Now, many are finding the job search to be highly competitive, according to a series of interviews by CNBC. Roger Lee, creator of Layoffs.fyi, noted that many of these workers are either leaving tech entirely. “Even engineers are compromising – accepting roles with less stability, a tougher work environment, or lower pay and benefits,” he said.

And the news gets worse for job seekers staying in tech. The once robust salary increases appear to be no more, as tech salaries have “largely stagnated” in the last two years, Lee said. This is not to say they don’t pay well – relatively speaking – once a job is secured.

An entry-level person in the artificial intelligence field could earn anywhere from $109,500 to $138,500, according to Comprehensive.io, a compensation tracker Lee recently helped launch. On the other end of the spectrum, a senior director – someone who manages directors from various groups or is responsible for a business function – can pull down a salary that ranges between $178,500 to $310,050, according to the site.

The bottom line is the reason behind the cuts, but companies seem to have moved the goalposts this year. In 2023, tech firms claimed they needed to scale back after a hiring binge during the pandemic, and because of inflation and weak consumer demand. This year, inflation is markedly down, and many of these firms are profitable and cash flush.

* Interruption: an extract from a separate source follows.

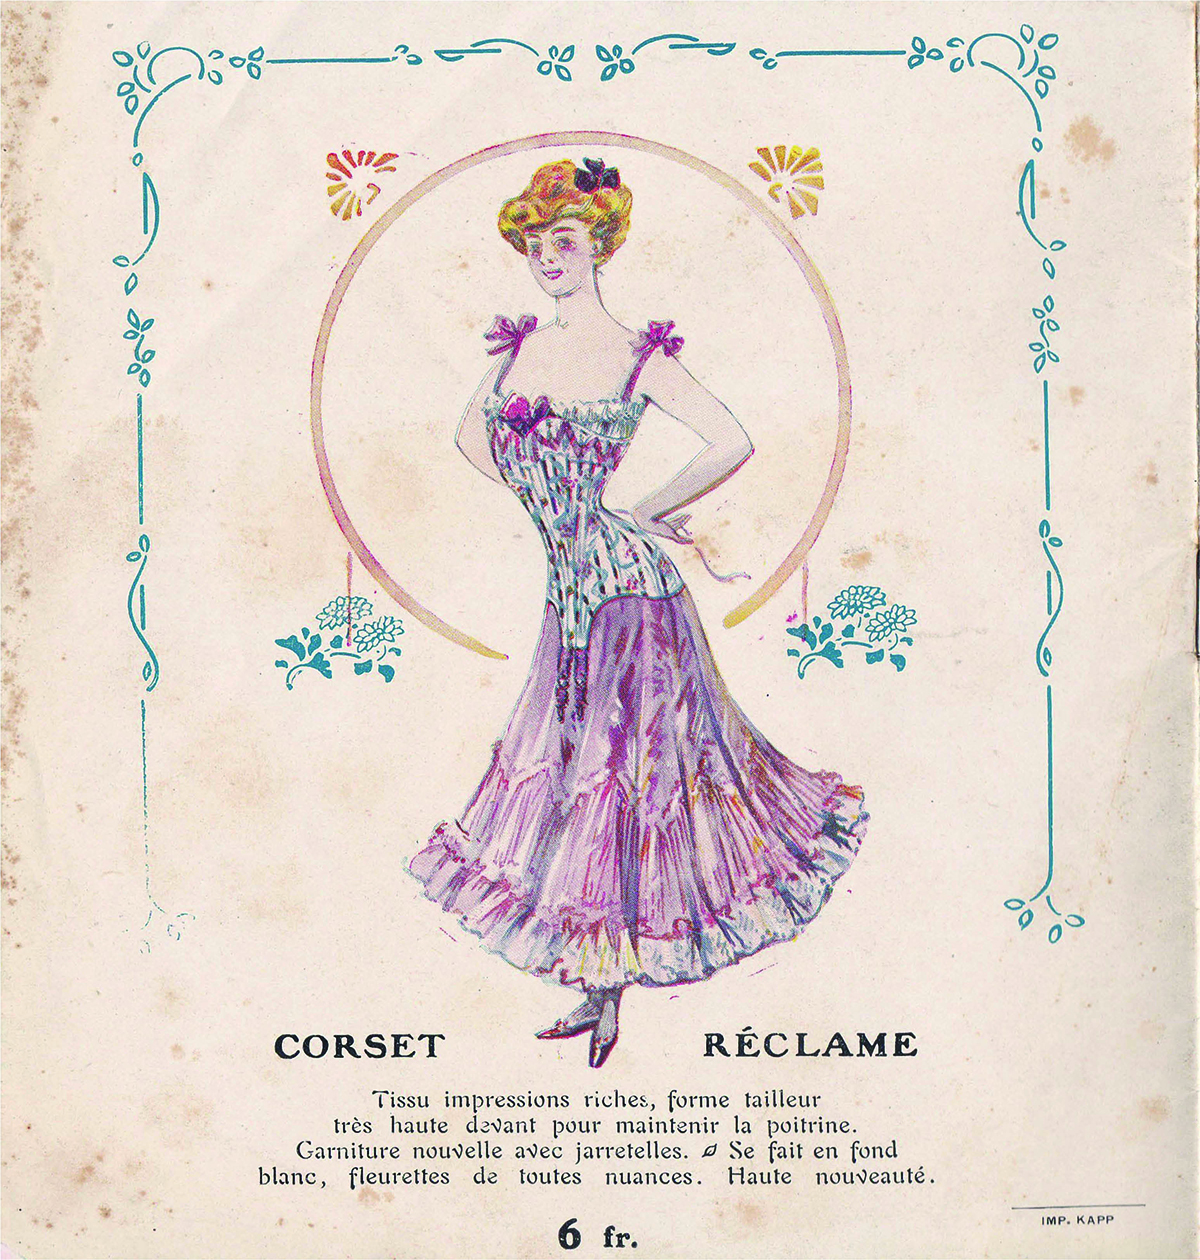 100.000 Corsets Catalogue, c. 1900s, France. The Underpinnings Museum
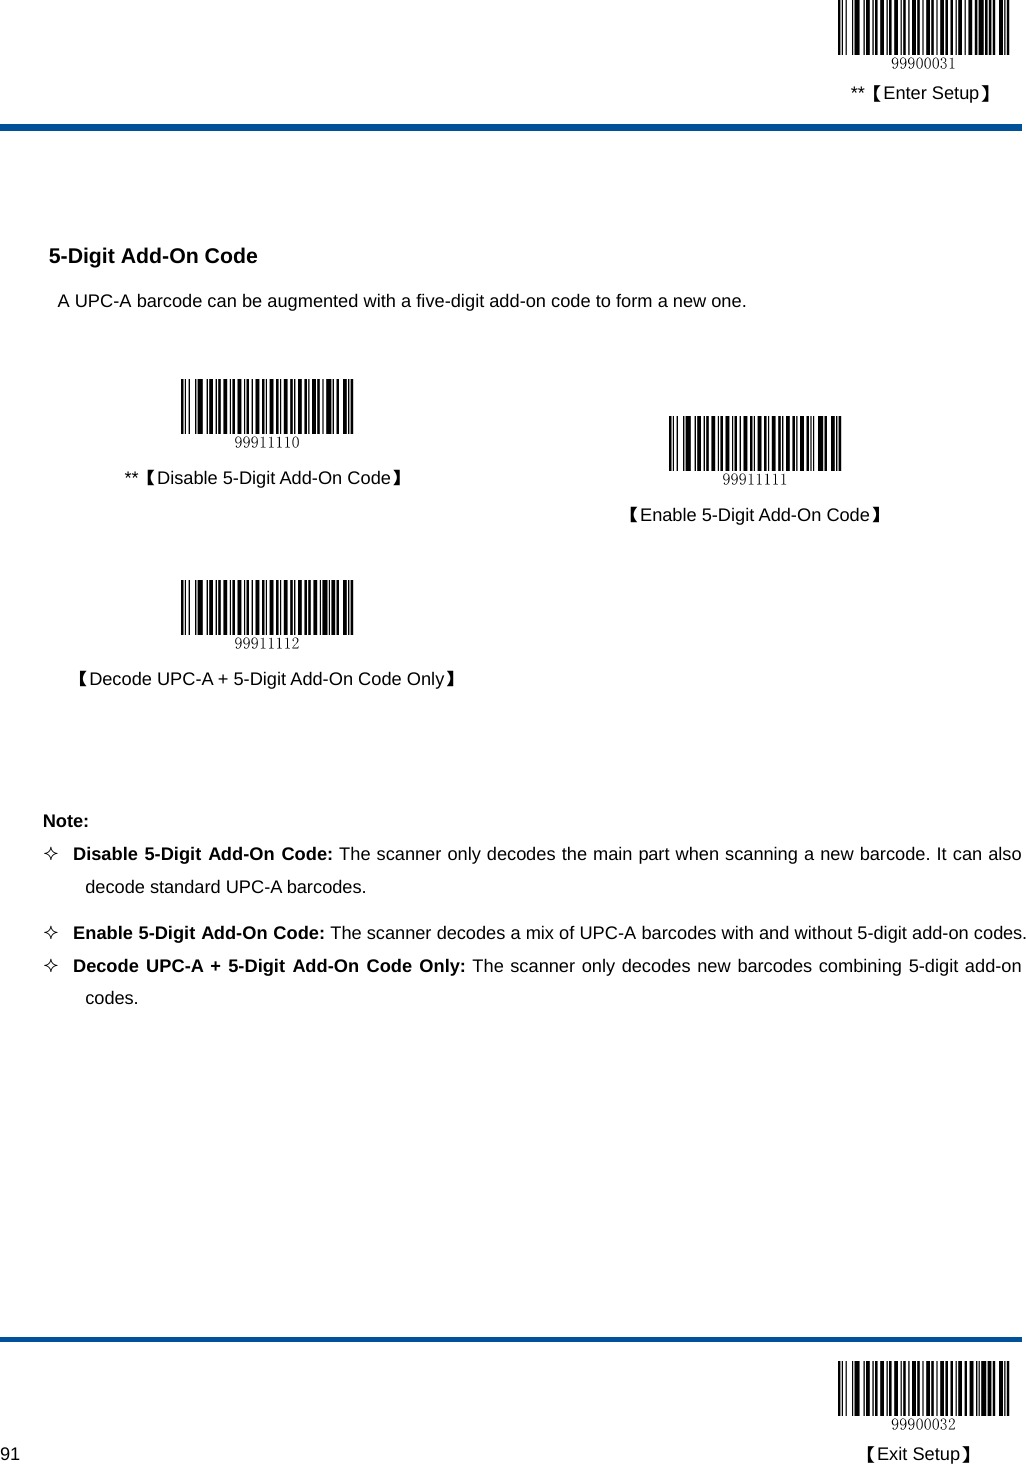  **【Enter Setup】  91                                                                                                                                                                                        【Exit Setup】   5-Digit Add-On Code A UPC-A barcode can be augmented with a five-digit add-on code to form a new one.     **【Disable 5-Digit Add-On Code】   【Enable 5-Digit Add-On Code】     【Decode UPC-A + 5-Digit Add-On Code Only】    Note:  Disable 5-Digit Add-On Code: The scanner only decodes the main part when scanning a new barcode. It can also decode standard UPC-A barcodes.  Enable 5-Digit Add-On Code: The scanner decodes a mix of UPC-A barcodes with and without 5-digit add-on codes.  Decode UPC-A + 5-Digit Add-On Code Only: The scanner only decodes new barcodes combining 5-digit add-on codes.

Two words explain this year’s trend: stock prices. Layoffs bolster shares “so these companies see no reason to stop,” said Jeff Shulman, a professor at the University of Washington’s Foster School of Business.

In fact, he called it the new normal. “They’re getting away with it because everybody is doing it. Workers are more comfortable with it, stock investors are appreciating it, and so I think we’ll see it continue for some time.”